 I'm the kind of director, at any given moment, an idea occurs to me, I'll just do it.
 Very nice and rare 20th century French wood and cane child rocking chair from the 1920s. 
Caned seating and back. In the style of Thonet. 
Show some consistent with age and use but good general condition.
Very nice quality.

━━━━━━━━━━━━━━━━━━━━

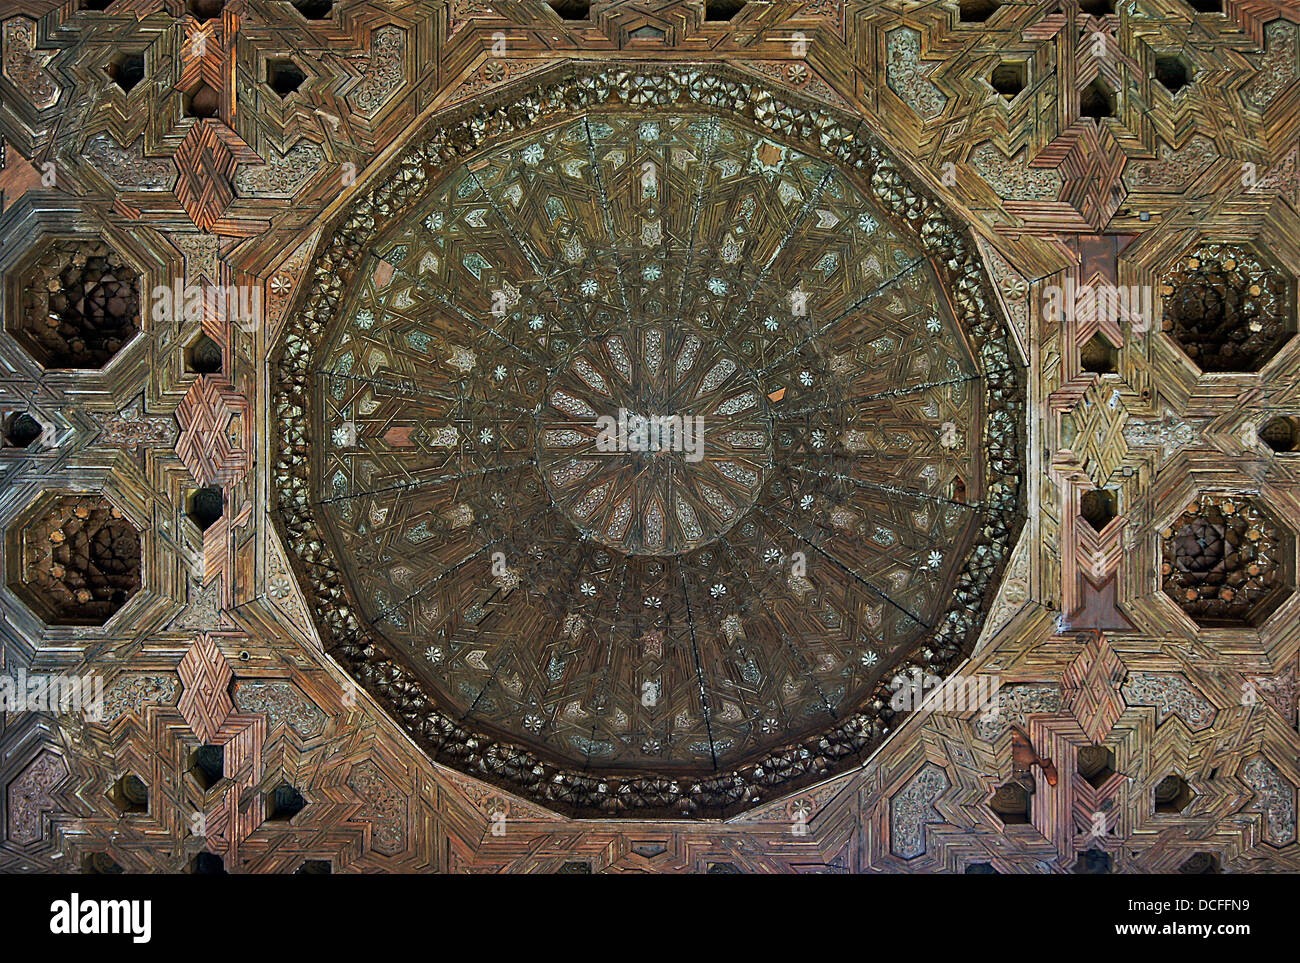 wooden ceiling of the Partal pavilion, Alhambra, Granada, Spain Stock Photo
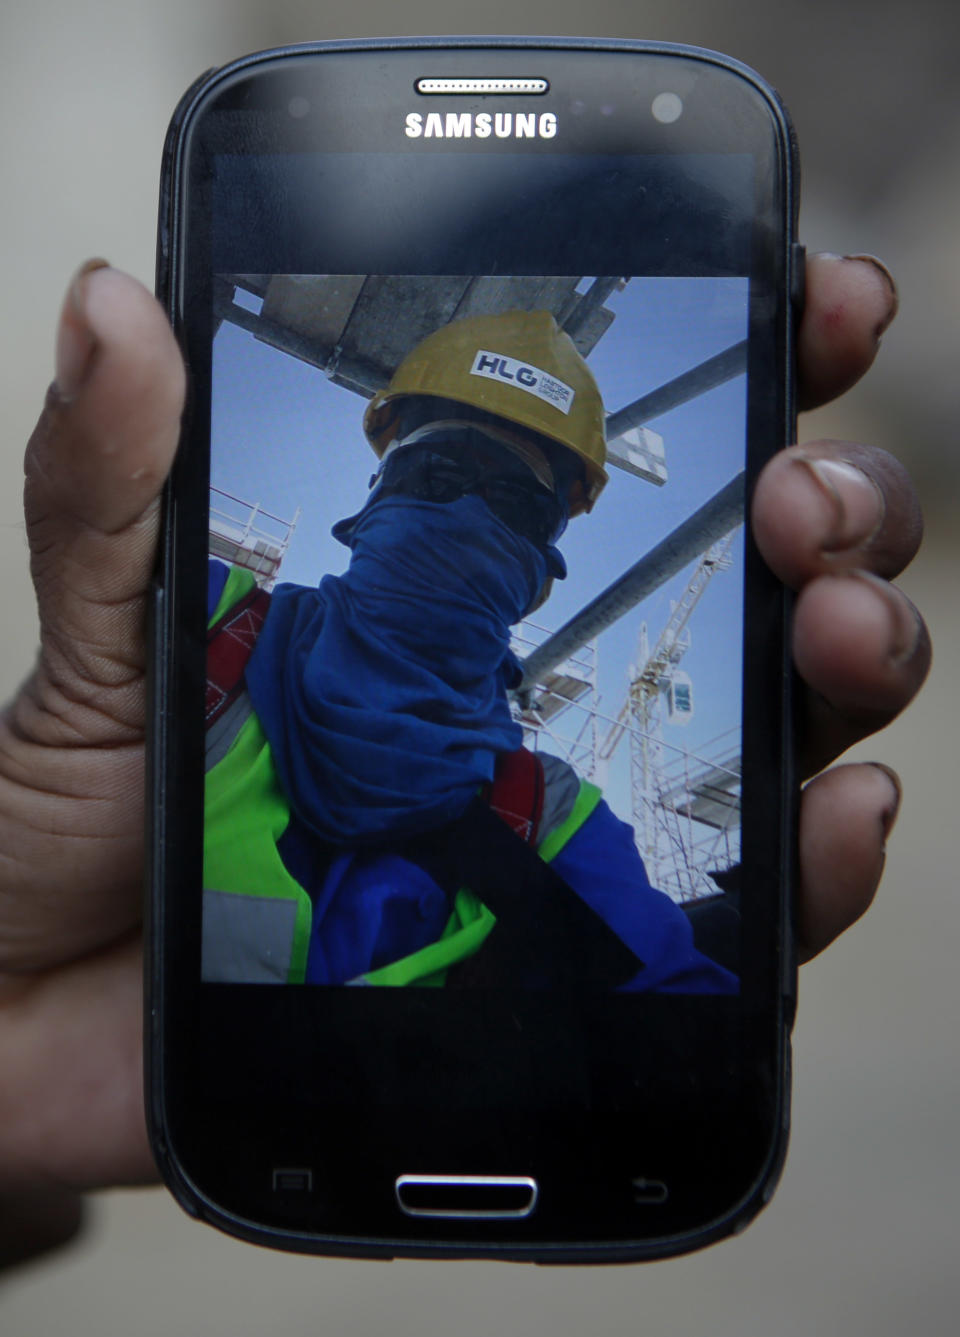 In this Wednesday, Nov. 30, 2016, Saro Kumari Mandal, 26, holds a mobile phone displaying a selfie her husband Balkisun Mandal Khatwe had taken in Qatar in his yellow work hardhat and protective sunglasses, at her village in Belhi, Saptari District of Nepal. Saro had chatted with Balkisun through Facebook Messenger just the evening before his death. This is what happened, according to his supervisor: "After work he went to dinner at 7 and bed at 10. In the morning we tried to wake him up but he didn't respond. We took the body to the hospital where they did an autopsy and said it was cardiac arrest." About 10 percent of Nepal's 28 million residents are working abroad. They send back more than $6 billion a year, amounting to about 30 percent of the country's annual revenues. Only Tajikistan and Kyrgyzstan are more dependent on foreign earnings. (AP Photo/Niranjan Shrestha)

━━━━━━━━━━━━━━━━━━━━

TASK DIRECTIONS
In the listing above, find the line containing "I'm the kind" and the line containing "Very nice quality.". Output them and every line between, exactly, and nothing else.

TASK ANSWER
 I'm the kind of director, at any given moment, an idea occurs to me, I'll just do it.
 Very nice and rare 20th century French wood and cane child rocking chair from the 1920s. 
Caned seating and back. In the style of Thonet. 
Show some consistent with age and use but good general condition.
Very nice quality.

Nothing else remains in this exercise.